» INPUT DATA:
---+---

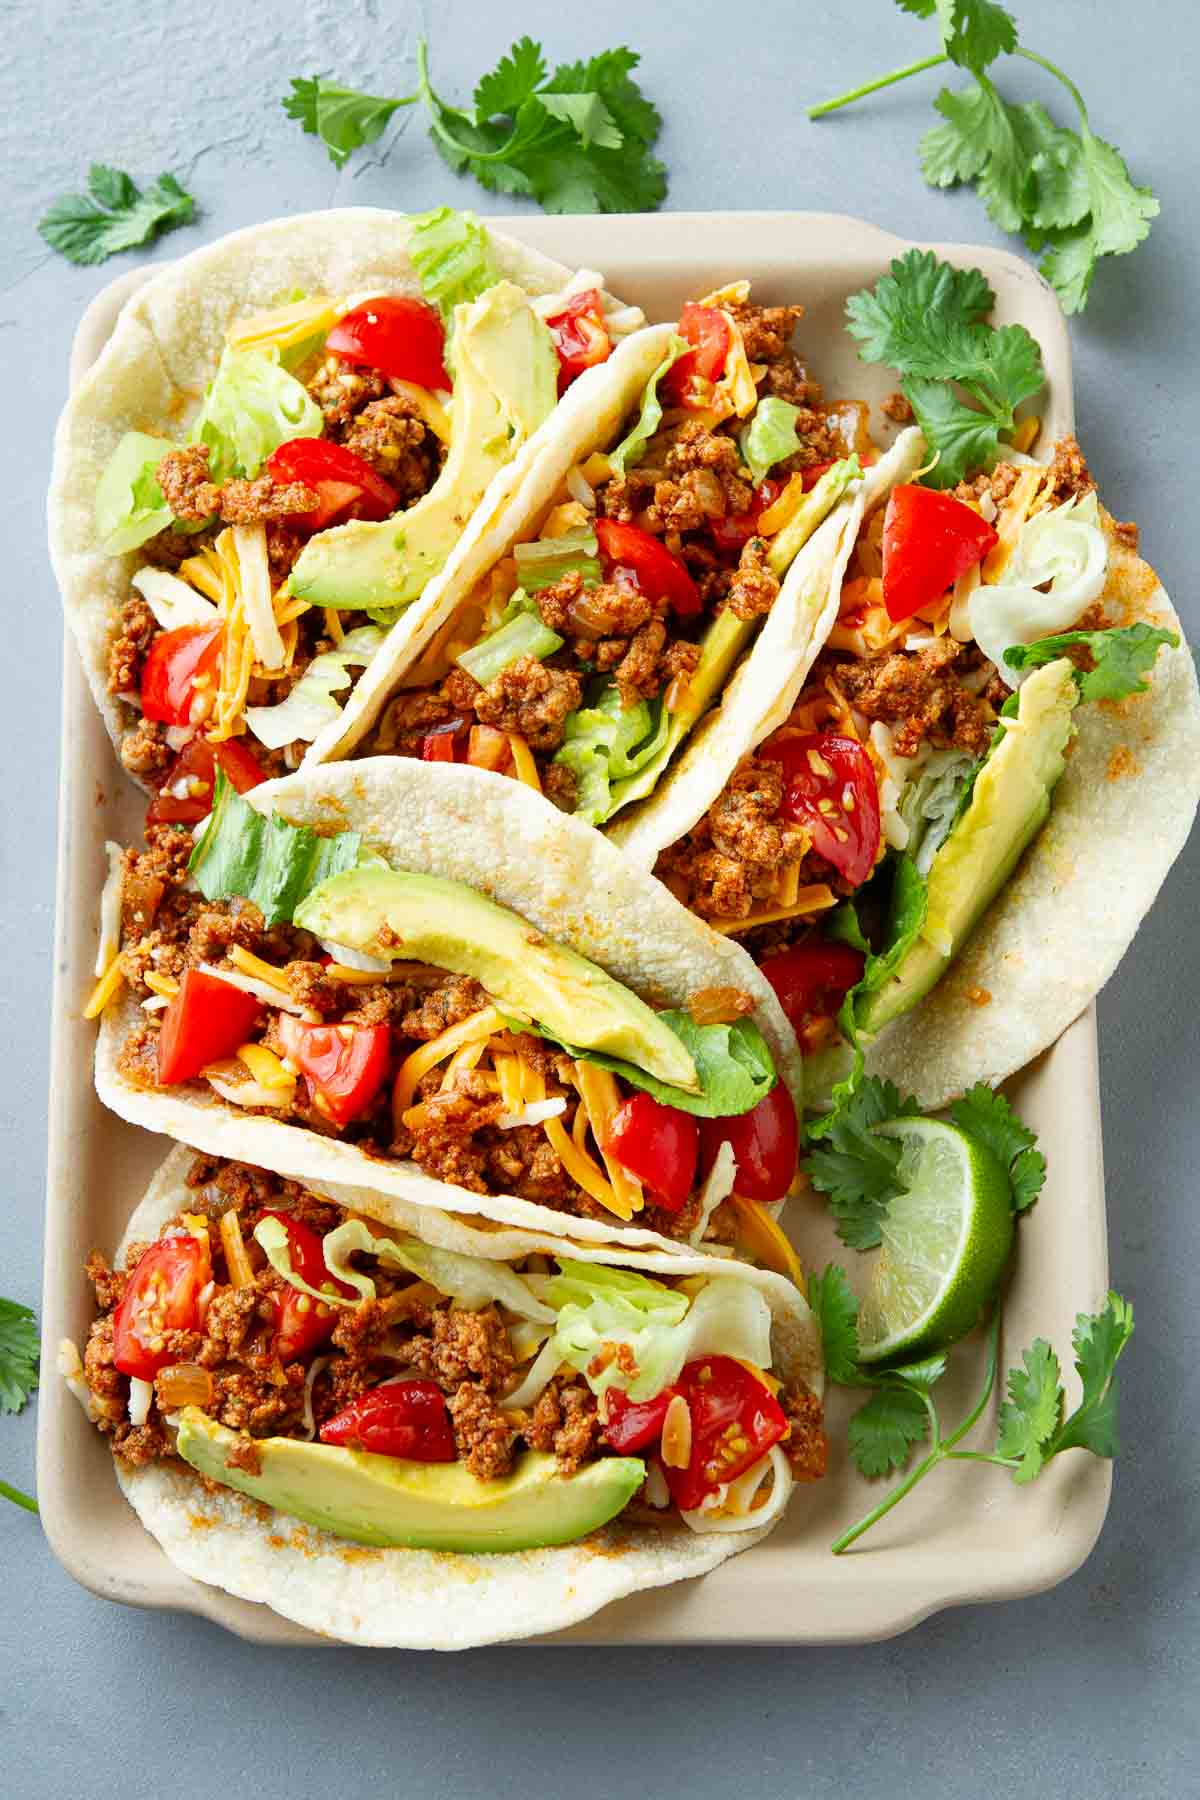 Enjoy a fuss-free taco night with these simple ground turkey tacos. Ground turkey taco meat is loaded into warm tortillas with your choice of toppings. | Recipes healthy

---+---

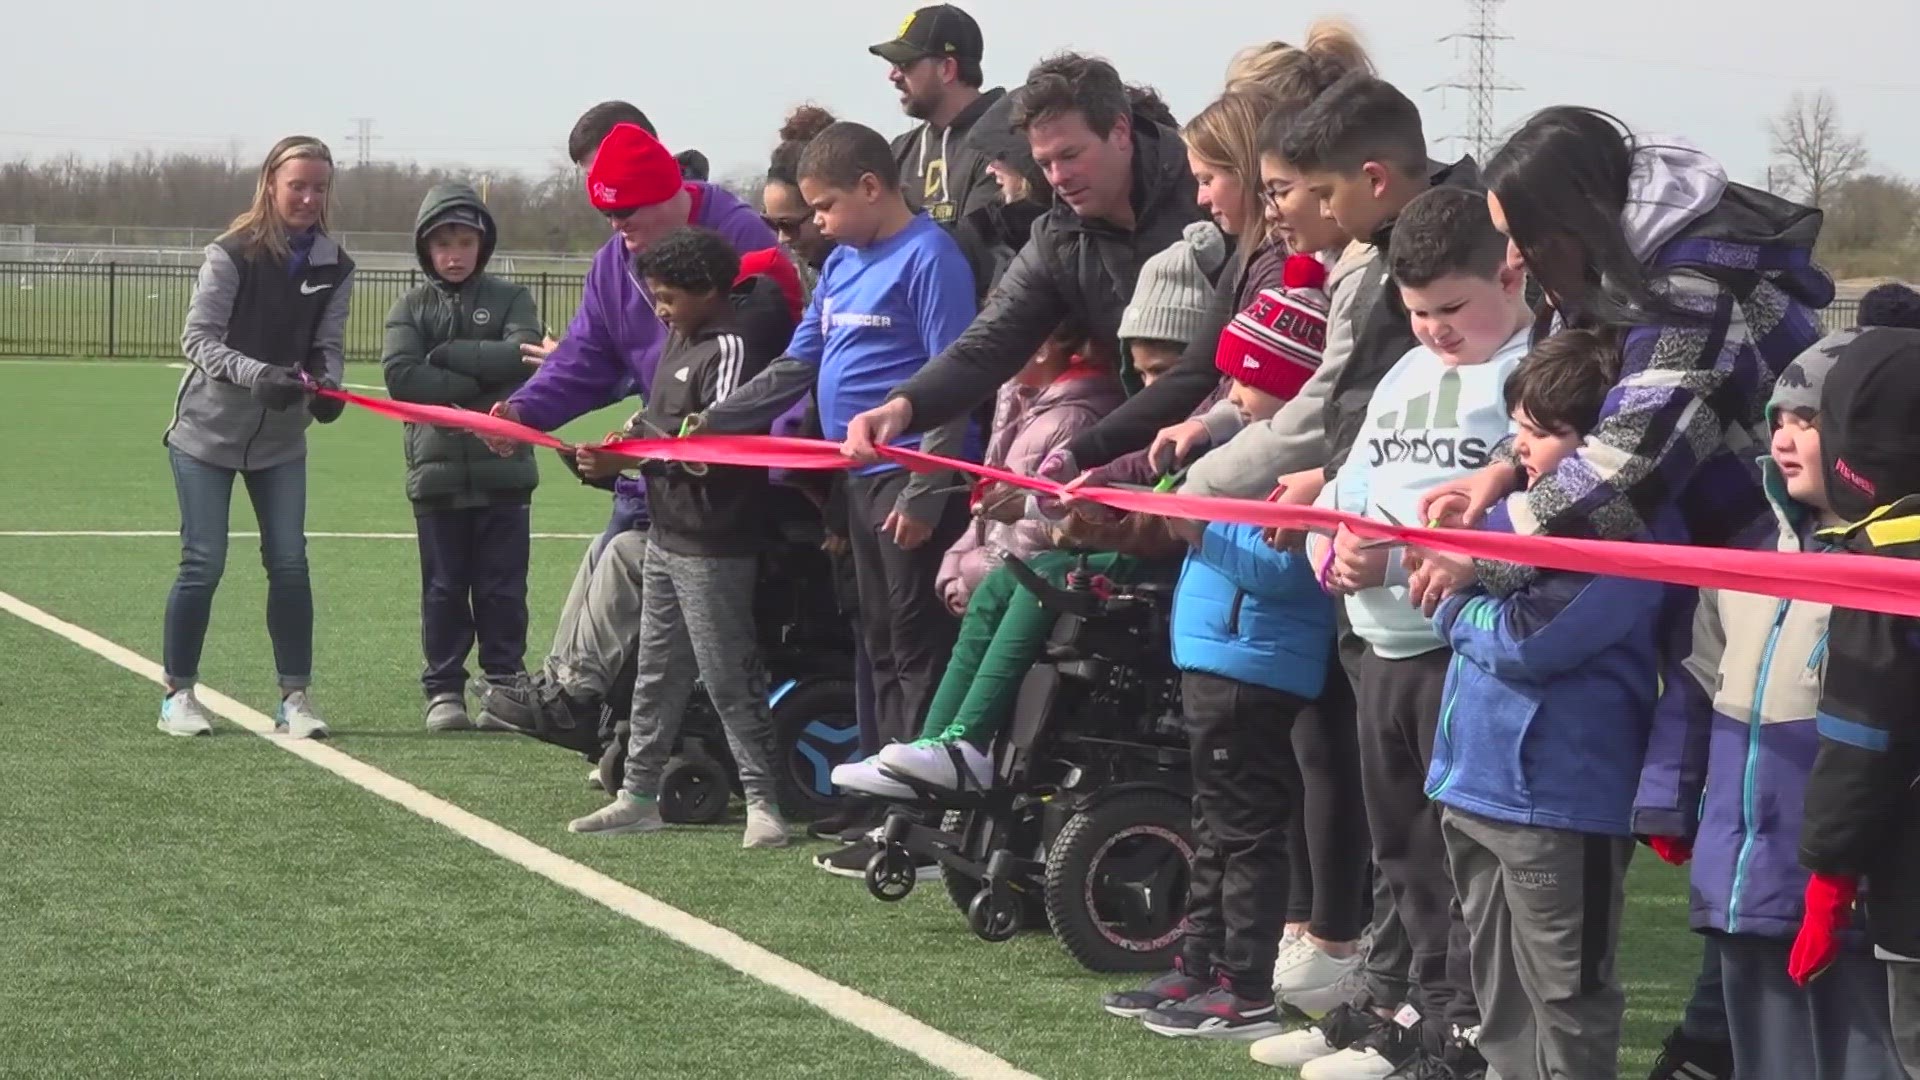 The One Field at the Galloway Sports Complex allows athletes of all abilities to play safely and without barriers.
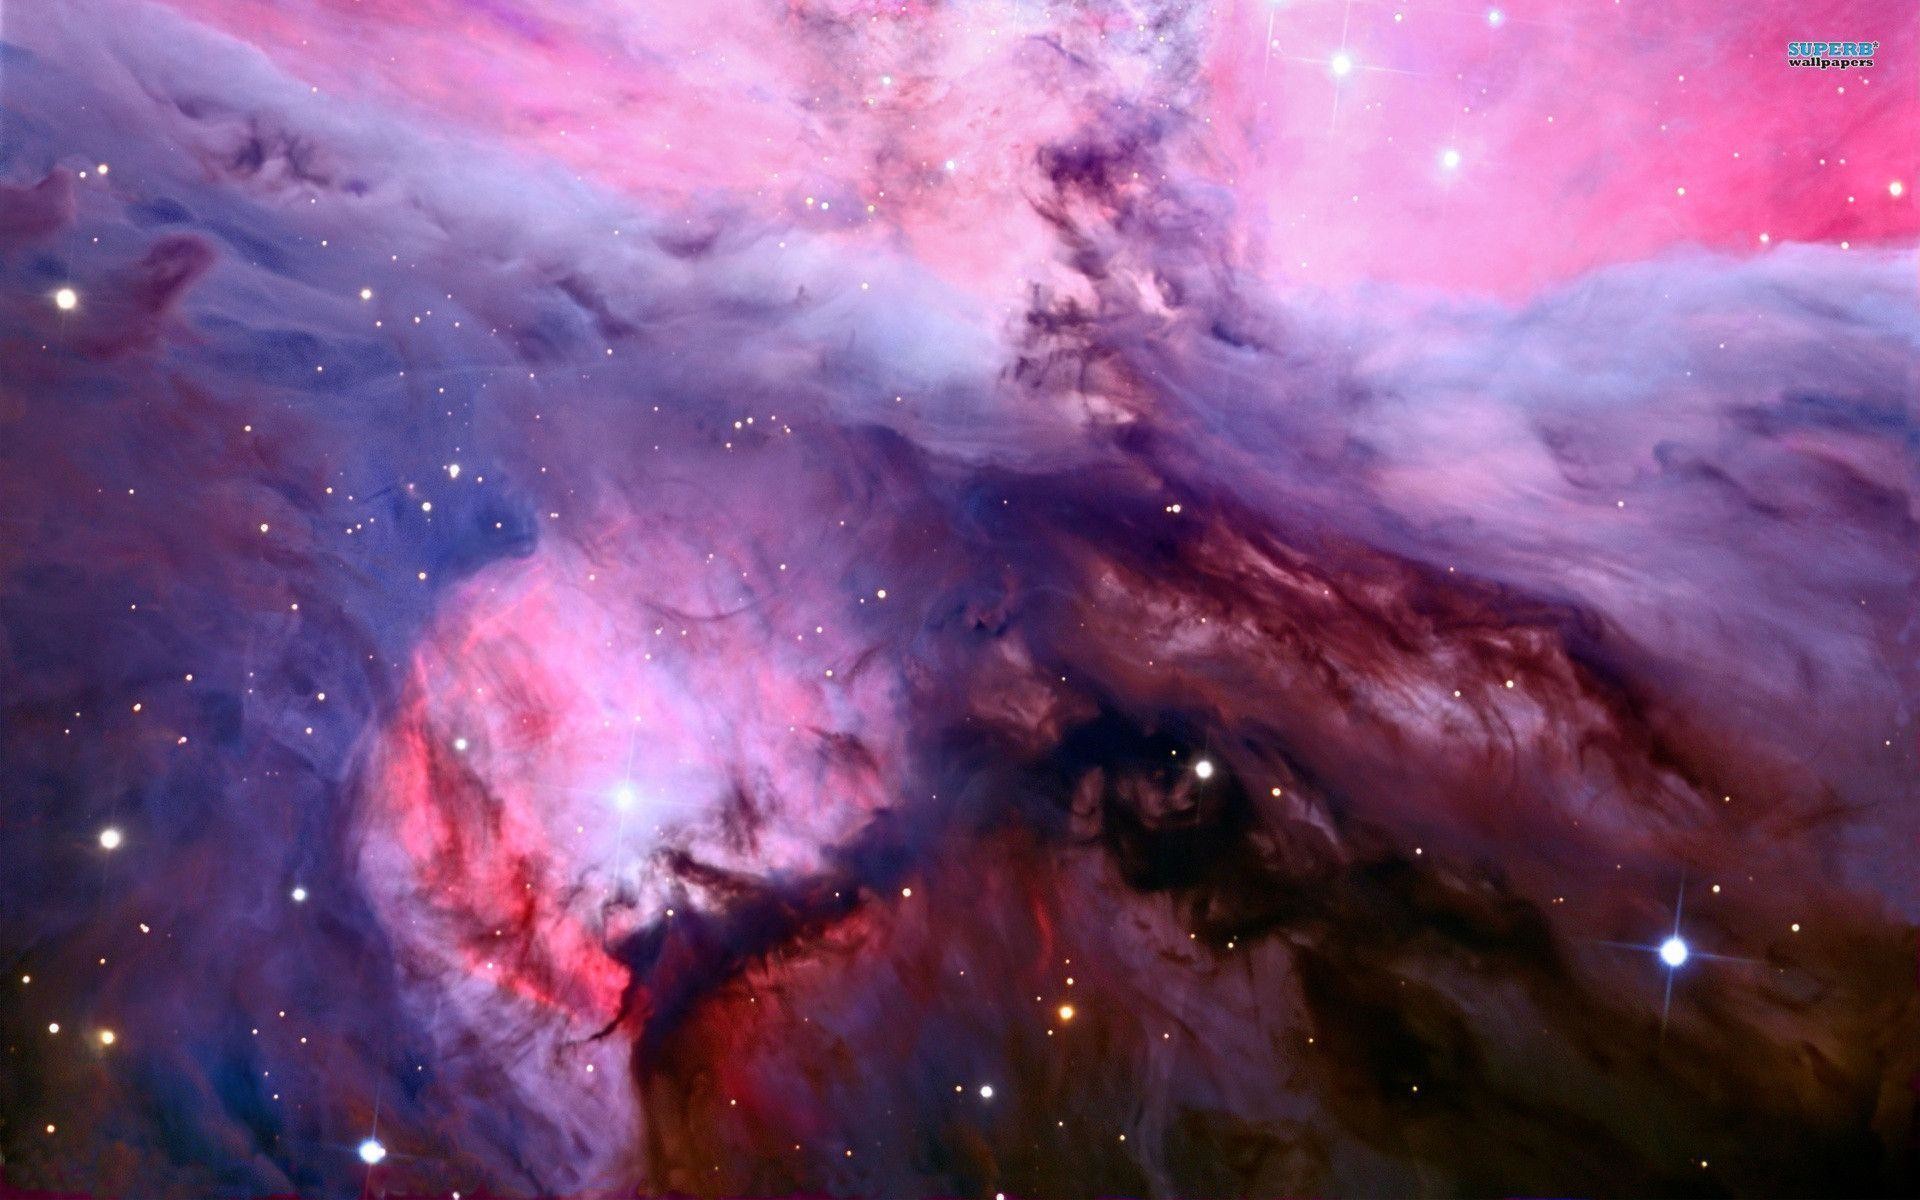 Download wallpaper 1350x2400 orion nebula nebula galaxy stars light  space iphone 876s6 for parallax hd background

---+---

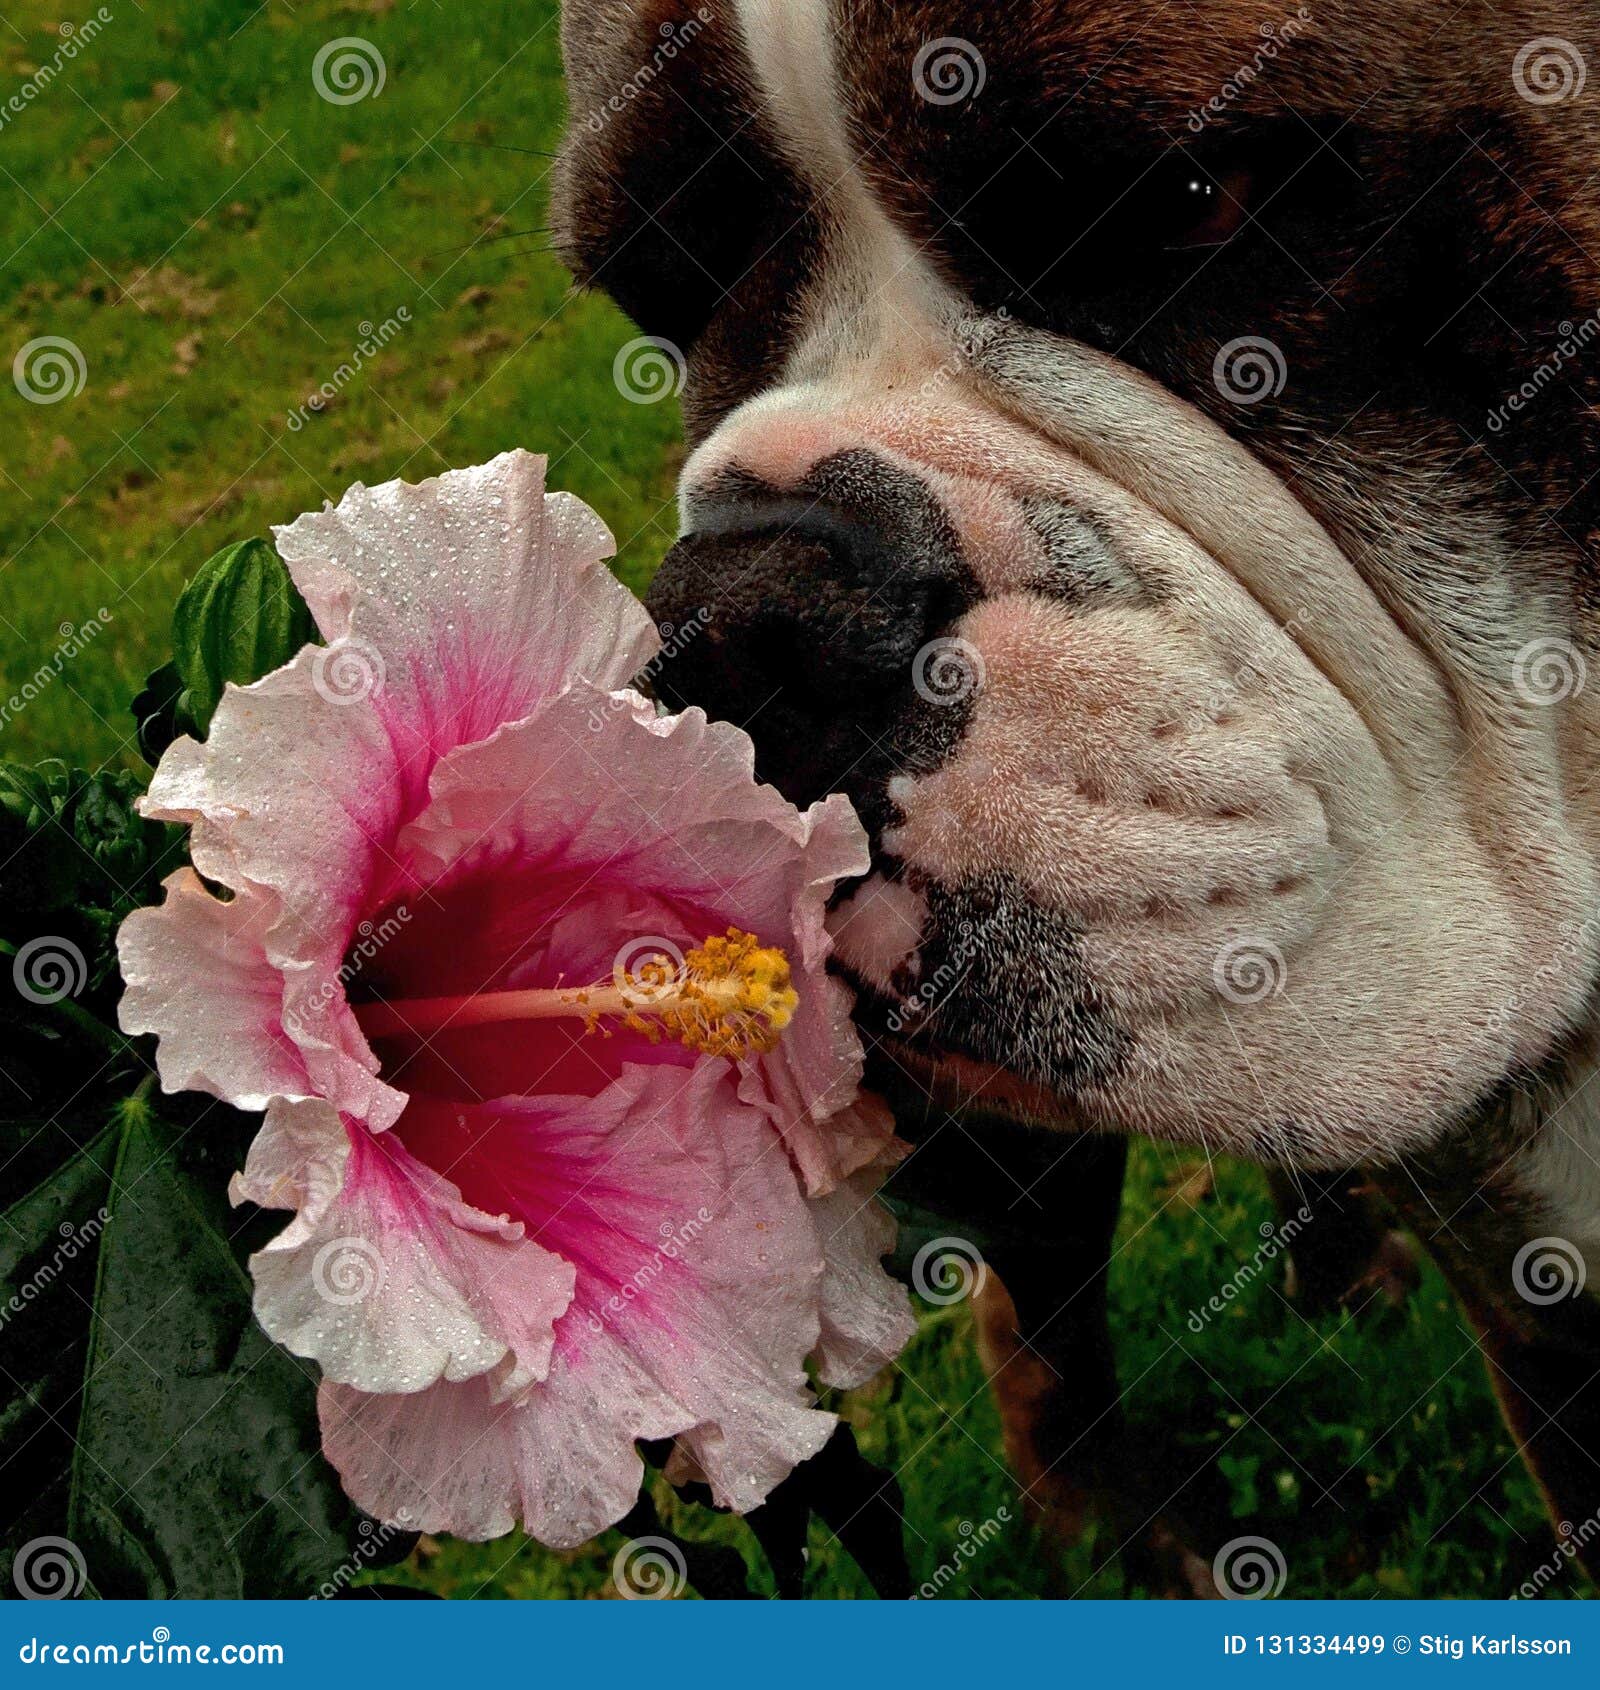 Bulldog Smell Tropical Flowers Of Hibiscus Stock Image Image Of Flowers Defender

---+---

» PROBLEM REQUIREMENTS: Working from the entries above, please transcribe only the lines from the line with "The One Field" through the line with "Download wallpaper 1350x2400", exactly, with both end lines and without pictures.

» ANSWER SPACE:
 The One Field at the Galloway Sports Complex allows athletes of all abilities to play safely and without barriers.
 Download wallpaper 1350x2400 orion nebula nebula galaxy stars light  space iphone 876s6 for parallax hd background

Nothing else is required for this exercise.